You cannot view a RAW image without processing either by the camera or an image editor.


----------



## Kiwigeoff (Apr 20, 2011)

hello and welcome,
As you may see from the responses already there may be a few reasons and solutions. We can help you with getting Lightroom to do the best job it can, to help with with your camera ( and a nice Nikon too!) I suggest Nikon Café. I've also sent you a PM.

Say hello to Denmark for me - lovely people and country !


----------



## massai (Apr 21, 2011)

Thank you all for your replies. I think I have a much better understanding of how the RAW-format works now.


----------



## sgg123 (Apr 26, 2011)

Hi all,

Apologies for hijacking the thread.

I am in the throws of learning LR. I have just imported a bunch of RAW images from camera (Canon 7D) and opted to convert to DNG.

The images are quite grainy, certainly more so than on my camera LCD (when zooming in on both). I took a test shot indoors to compare both again, same story. When I export to jpeg from LR at highest quality but leave all other settings I see an improvement but again not as sharp as in camera.

From what I have read here (and am relieved by!) is that this is due to the way LR renders the RAW file etc. I know I have a lot of learning to do and that there are things I can change to make LR import in a certain way etc. I guess it would just be handy to know that I am barking up the right tree here:

1) do I need to worry about anything - is DNG the issue?
2) how can I ensure that LR gives representation that I can rely upon when eventually exporting to finished product?
3) are there any settings I should be checking on the 7D to ensure that I get the best out of LR post-processing?

Thanks in advance all!


----------



## dj_paige (Apr 26, 2011)

1) This is a compound question and not admissable in a court of law. Do you need to worry about anything? Yes. Is DNG the problem? No.
2) As far as I am concerned, Lightroom exports always give you the same representation as you see on your screen in Lightroom (except for JPG compression), as long as you select File Format JPG (not original) in the Export dialog box. I suppose this also depends on having your monitor correctly calibrated, and you choose sRGB.
3) If you are shooting RAW, the in-camera settings for image appearance don't affect Lightroom. Of course, the in-camera settings for the way it handles incoming light: white balance, aperture, shutter speed and ISO affect what you see, but there's no globally "correct" setting here.

If your images are grainy, perhaps you had the ISO setting too high? Perhaps you need to use the noise reduction features in LR to reduce/eliminate that grain?

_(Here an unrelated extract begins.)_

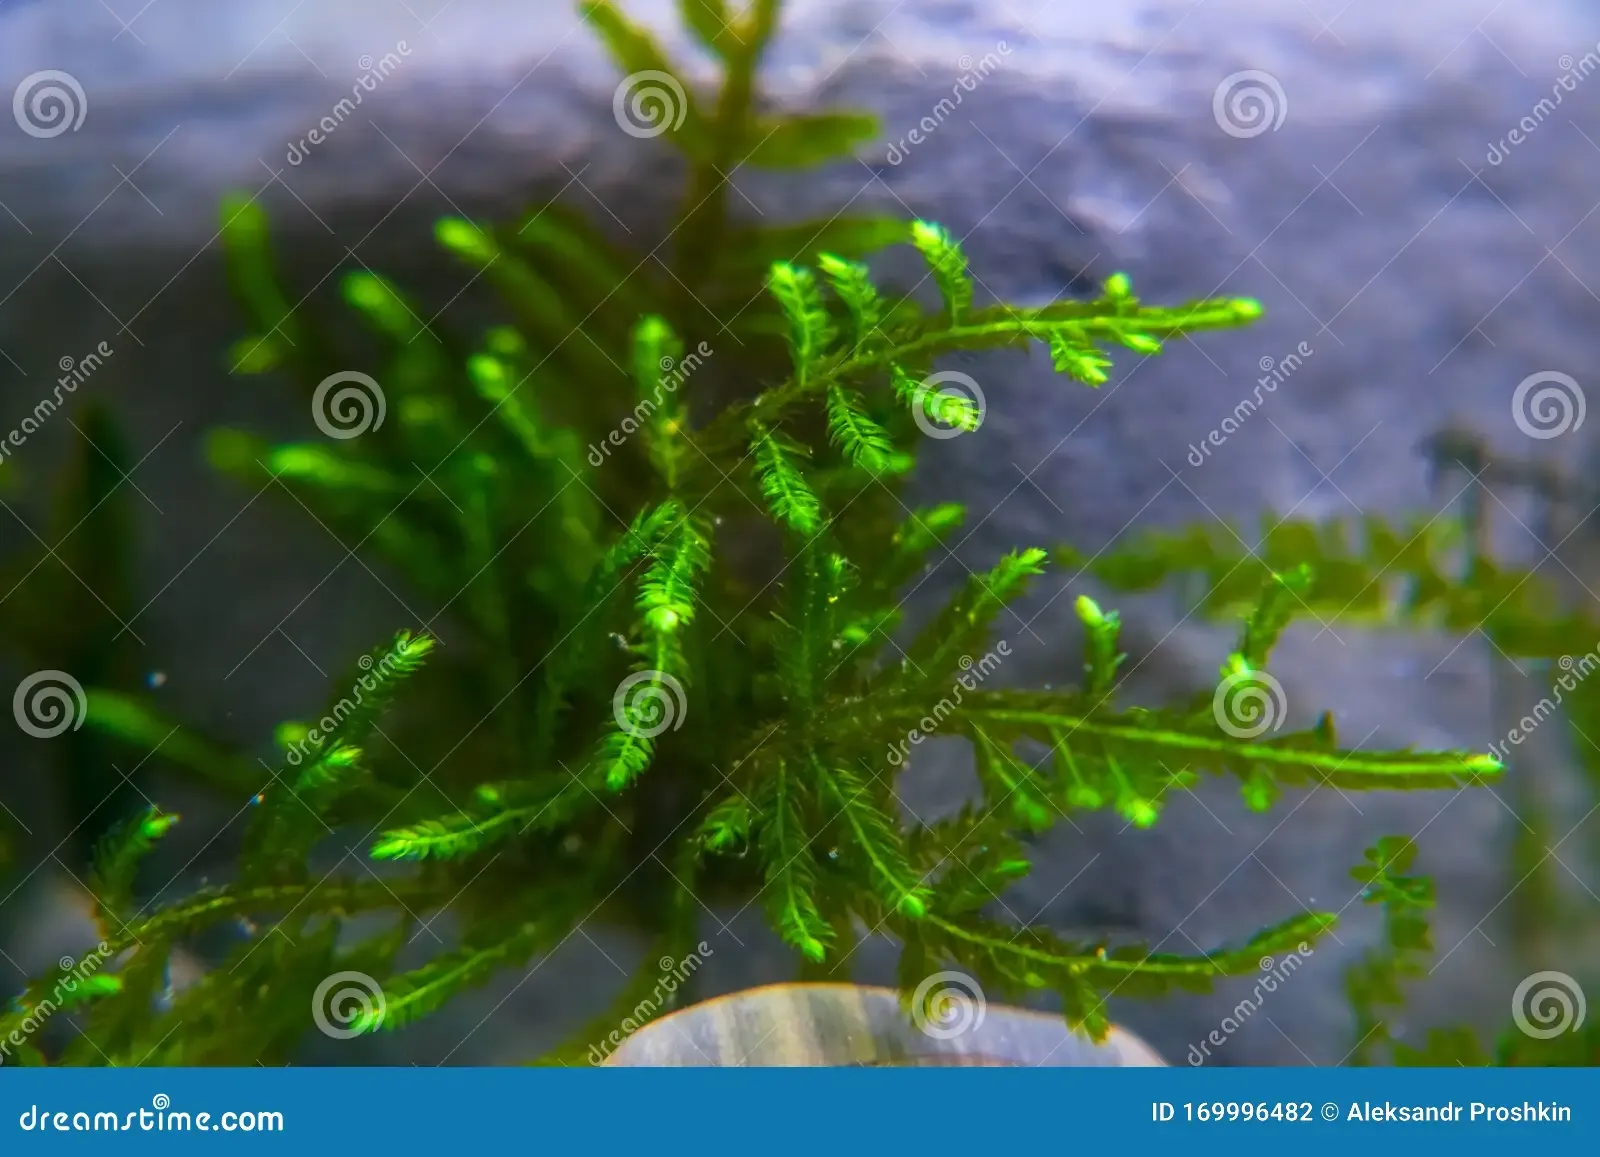 sprig-christmas-moss-aquarium-vesicularia-montagnei-sprig-christmas-moss-aquarium-vesicularia-montagnei-soft-169996482.jpg

I don't think you can compare grain seen on the camera display (from the JPG preview) to grain seen on the computer monitor (which is your RAW file).


----------



## sgg123 (Apr 26, 2011)

Thanks for the reply. I've been doing a bit of tinkering and have tried out viewing on another monitor etc and can see a lot of change. I have a lot of reading and learning to do but am really looking forward to getting stuck into LR. A forum like this will be a great help I'm sure.


----------



## RikkFlohr (Apr 26, 2011)

In reference to the grainy question: 

In addition to noise reduction, make sure your sharpening isn't set too high or your masking set too low.


----------



## dj_paige (Apr 26, 2011)

sgg123 said:


> ... really looking forward to getting stuck into LR


I never heard that particular phrase before, that's not the way I would phrase it


----------



## Brad Snyder (Apr 26, 2011)

While in camera settings generally don't affect your camera raw files, sometimes Canon's Automatic Lighting Optimizer, ALO mode, and Nikon's Active-D Lighting, ADL can have some impact on downstream processing. Typically causing the seeming appearance of underexposure and increased noise as exposure is compensated.


----------